Still, some forty odd years later her obsessive octogenarian industrialist great-uncle, who has compiled and maintained the detailed and weighty police files and photos of the case will not give up the ghost. Is he a ‘knappskalle’? (That’s Swedish for crackpot)
Or perhaps there is no ghost:
Which might explain that on his birthday each year, herr Vanger receives a lovingly pressed flower from his beloved Harriet.
Or perhaps it is from an enemy.
Enter seriously shamed, (though hunky), forty-two year old financial journalist Mikael Blomkvist who knows lots about enemies – and investigative reporting. For an outrageous sum of money as well as freezing his ears off in Sweden’s relentlessly cold north, he agrees to ‘find out’ what happened to Harriet Vanger.
While at the same time, a cunning computer hacker named Lisbeth Salander tracks Blomkvist.
Savagely sexy, vulnerable and definitely deeply disturbed, Salander, in her tats and leather, fears no man – almost to the point of reckless abandon – or at least Absolut-infused adrenalin. But her hunches are so visceral, readers of The Girl With the Dragon Tattoo by Stieg Larsson, will be clamoring to follow close behind.
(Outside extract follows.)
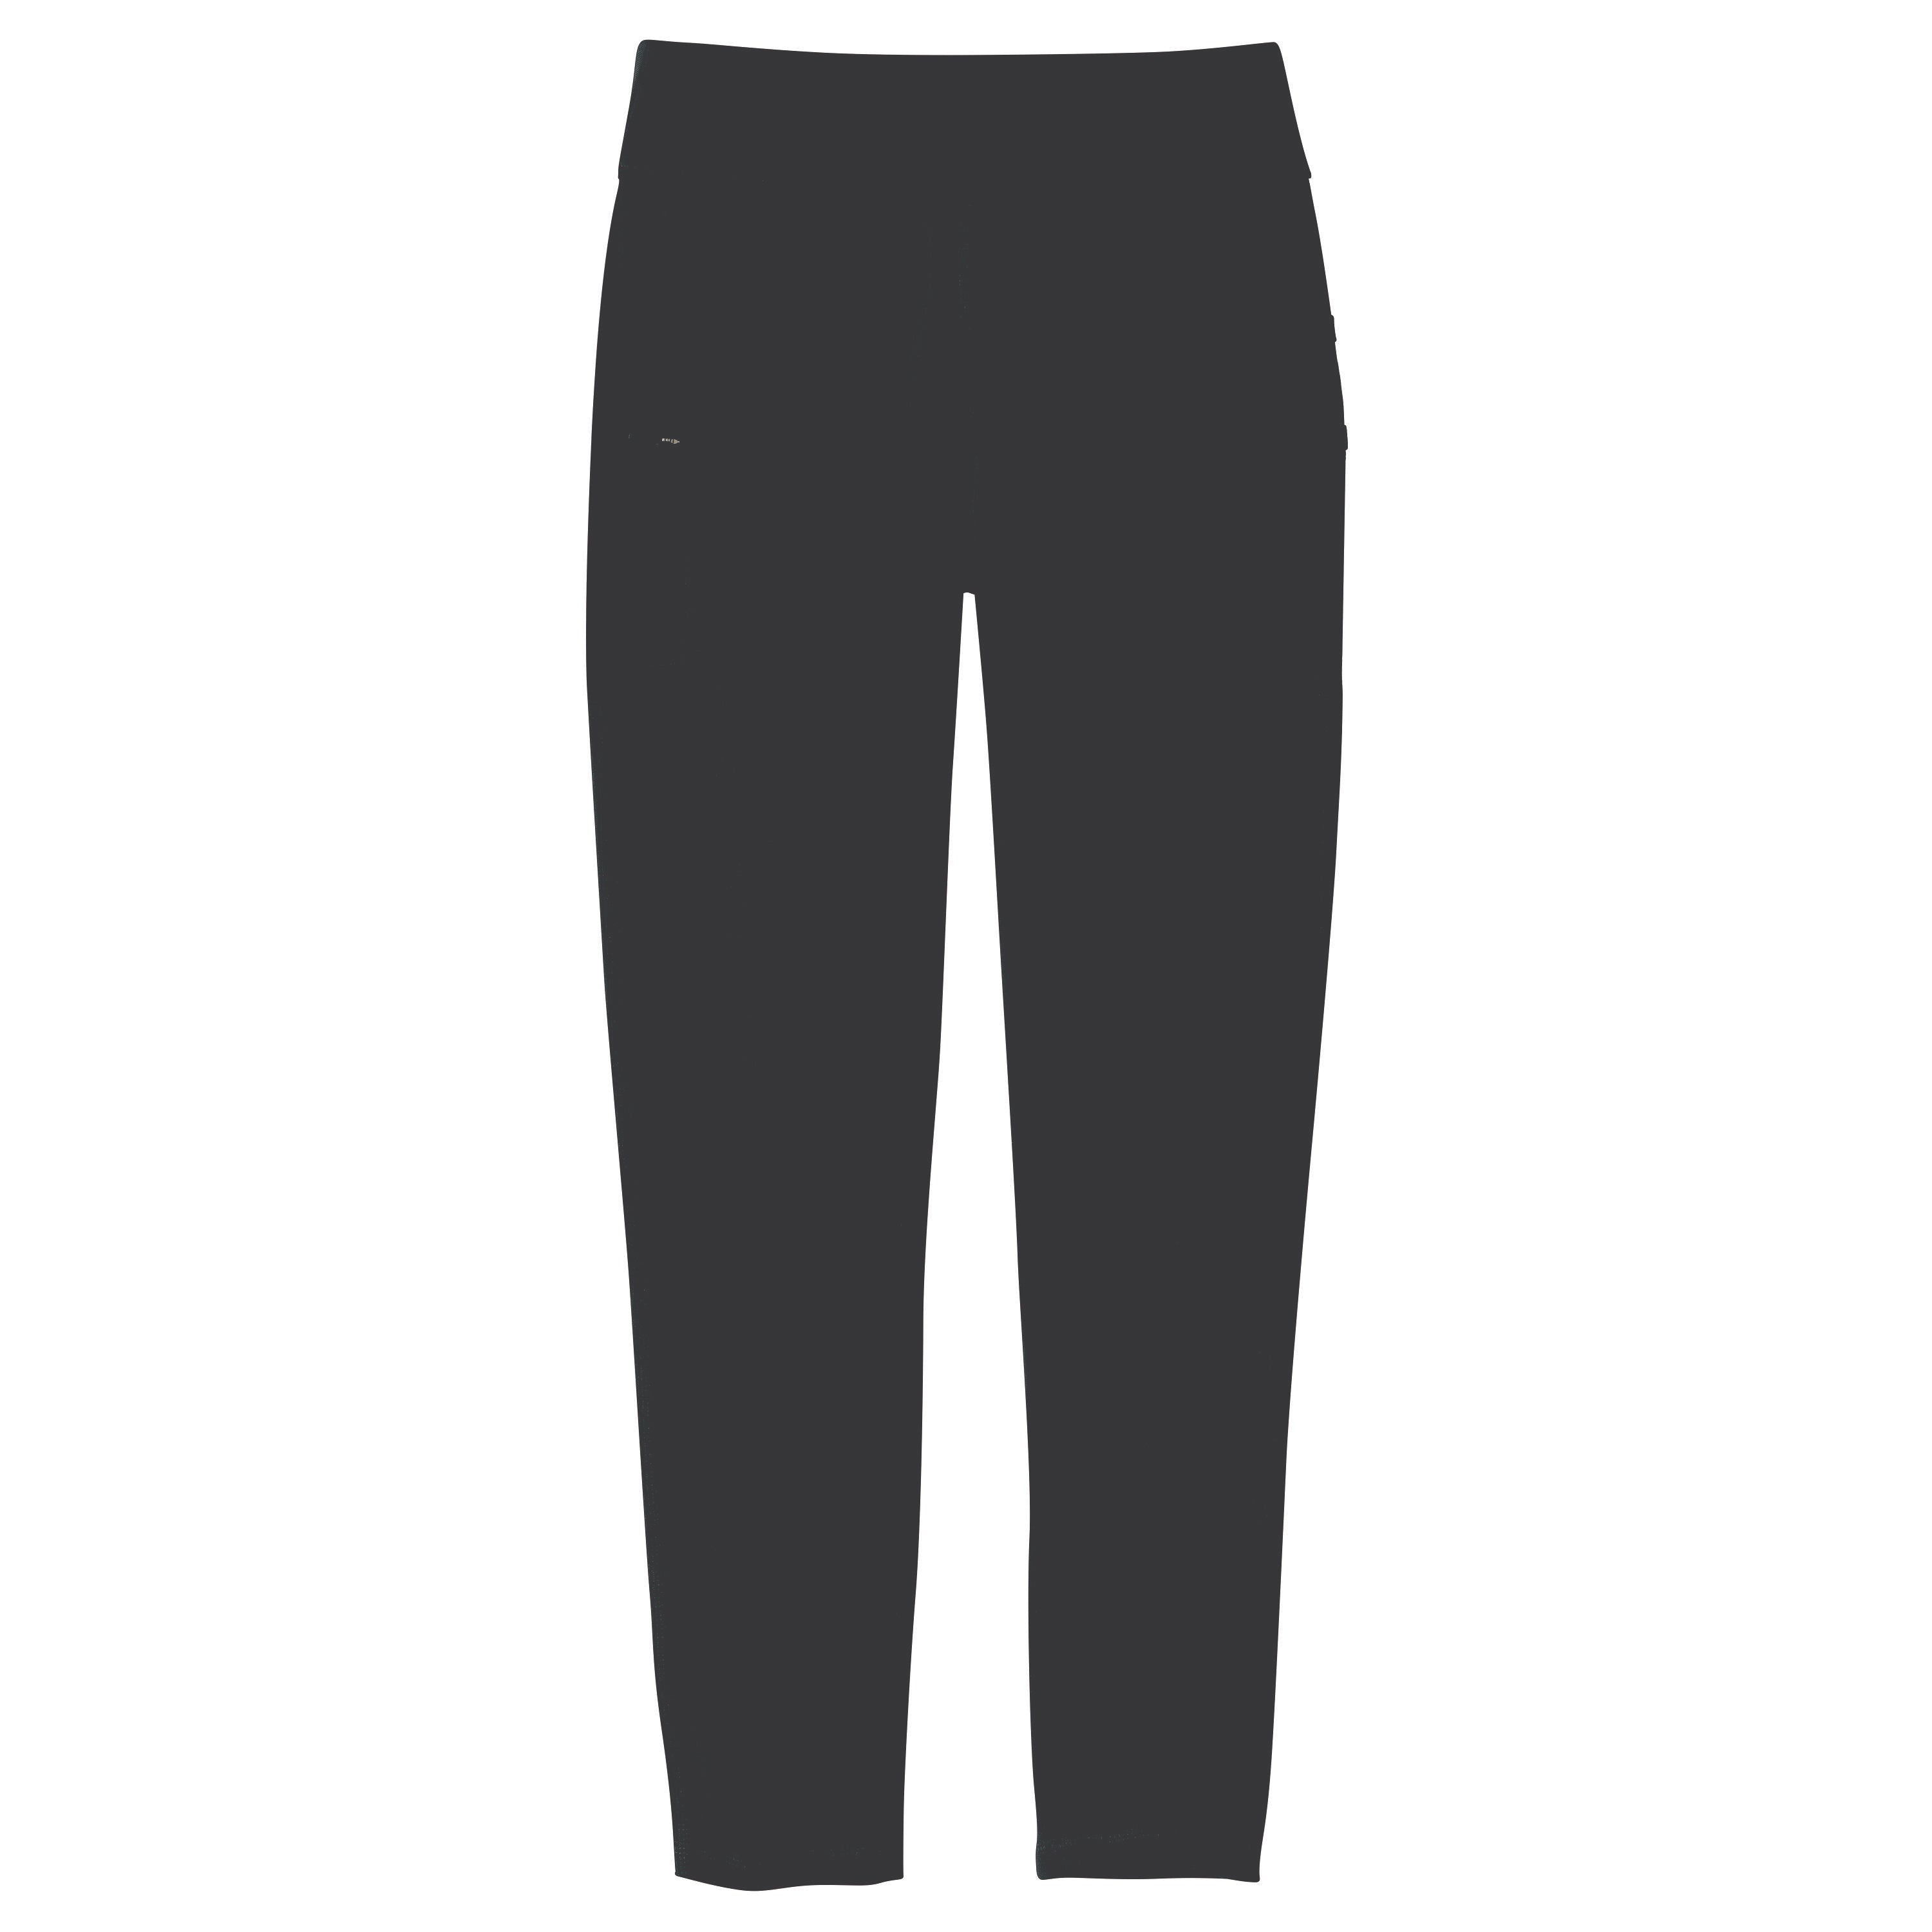 Carhartt Women's Force Fitted Heavyweight Lined Legging, Black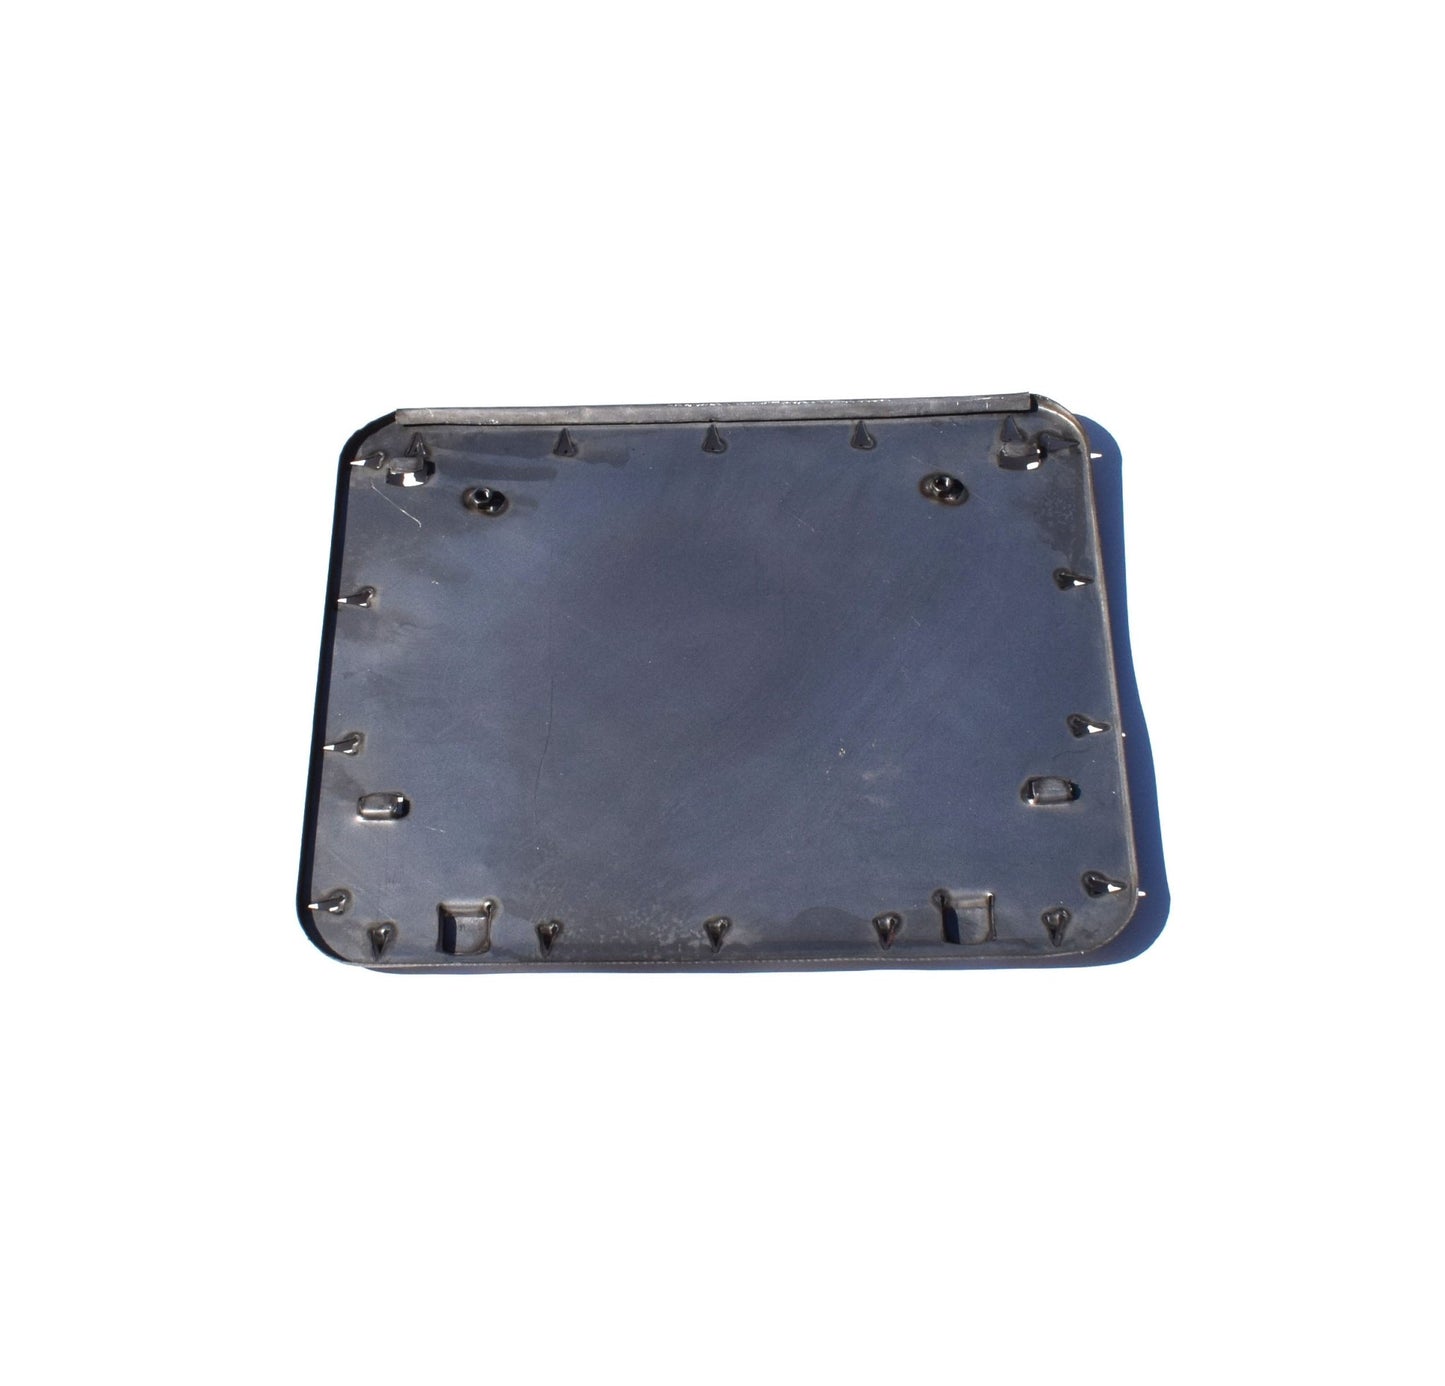 Seat Pan, Bottom, With Upholstery Hooks, 1946-1964, Willys and Jeep, CJ-2A, CJ-3A, CJ-3B, Driver or Passenger - The JeepsterMan

The dark doors that open for her in a land known for its impeccably high standard of living, its empathy toward minorities, (though a rigid vein of Neo-Nazism persists), and its intolerance toward domestic abuse; (an indictable crime in the Swedish Penal Code since 1998), will shock some. Because this is only partly a Gone Baby Gone tale. But I’ll say no more. It wouldn’t be fair to the memory of the late Stieg Larsson whose intricately structured thriller-trilogy will surely suck you in!